Another week of 2014 is in the books, and for these three companies trading at 52-week lows, it was a week to forget.
Glentel Inc (TSX: GLN)
Canada’s largest independent multi-carrier phone retailer had its stock fall to a new 52-week low of $11.76 on April 16. This company has been in operation for over 50 years and has 1,420 locations in four countries. In Canada it operates under the brands Wirelesswave, T-booth Wireless, Wireless Etc, Target Mobile, and MacStation, and offers products and plans from Rogers, Fido, Bell, Virgin mobile, Chat-r and Sasktel.
The company hit a record in 2013 with $1.3 billion in sales compared to $784 million in 2012. What may be irking investors is the sudden drop in net income in 2013, earning only $4.6 million compared to $27 million in 2012.
2013 had been a year of expansion for Glentel, opening 124 Target Mobile kiosks in Canada, in the U.S. it assumed control of 154 BJ’s Wholesale Club kiosk locations from Verizon. The company also paid out $23.1 million of the $83.3 million price tag to finish a deal it announced in November 2012 to purchase Automotive Technologies Inc. (aka Wirelesszone). This will add another 409 franchised and 19 corporate stores to Glentel’s U.S. portfolio. When these factors are considered, 2013 EBITA came in at $62 million, compared to $54 million in 2012.
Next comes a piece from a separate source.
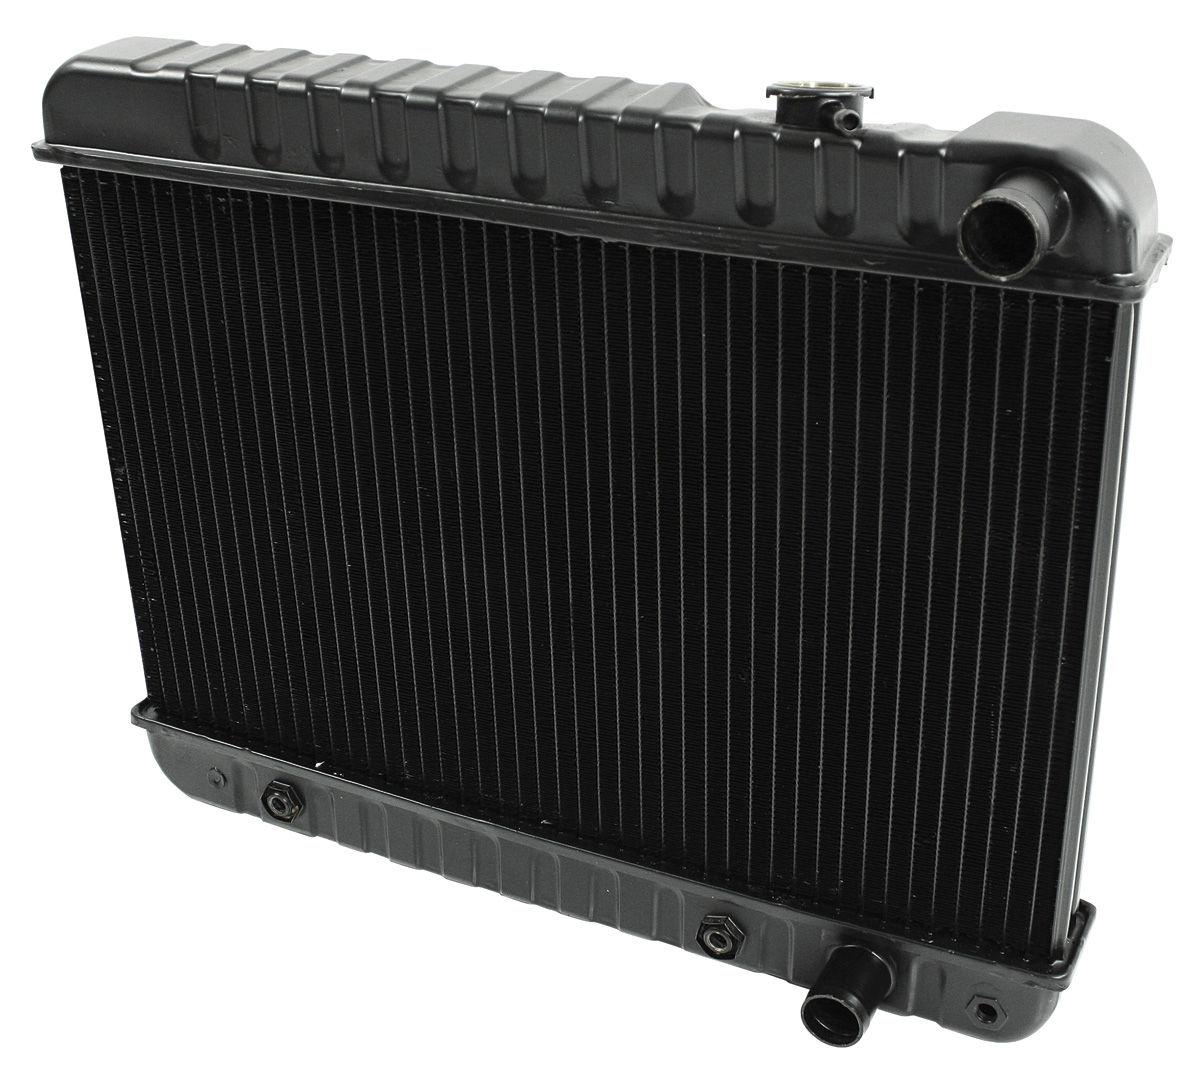 """Radiator, 1966-67 Skylark, V8, Manual, 3-Row, 17"""" X 20-3/4"""" X 2"""""""

Empire Company (TSX: EMP.A)
The parent company of Sobeys and 41% owner of Crombie REIT fell to a new 52-week low of $65.01 on April 17. This has been a year of transformation for Empire with the acquisition of Safeway and the closing of Empire Theaters. The stock has shown the jitters of investors with a 52-week range of $83.29 to $65.01. Back in March, Empire fell short of expectations when it released its Q3 results showing $77.3 million in net earnings compared with $75.8 million in Q3 of 2012.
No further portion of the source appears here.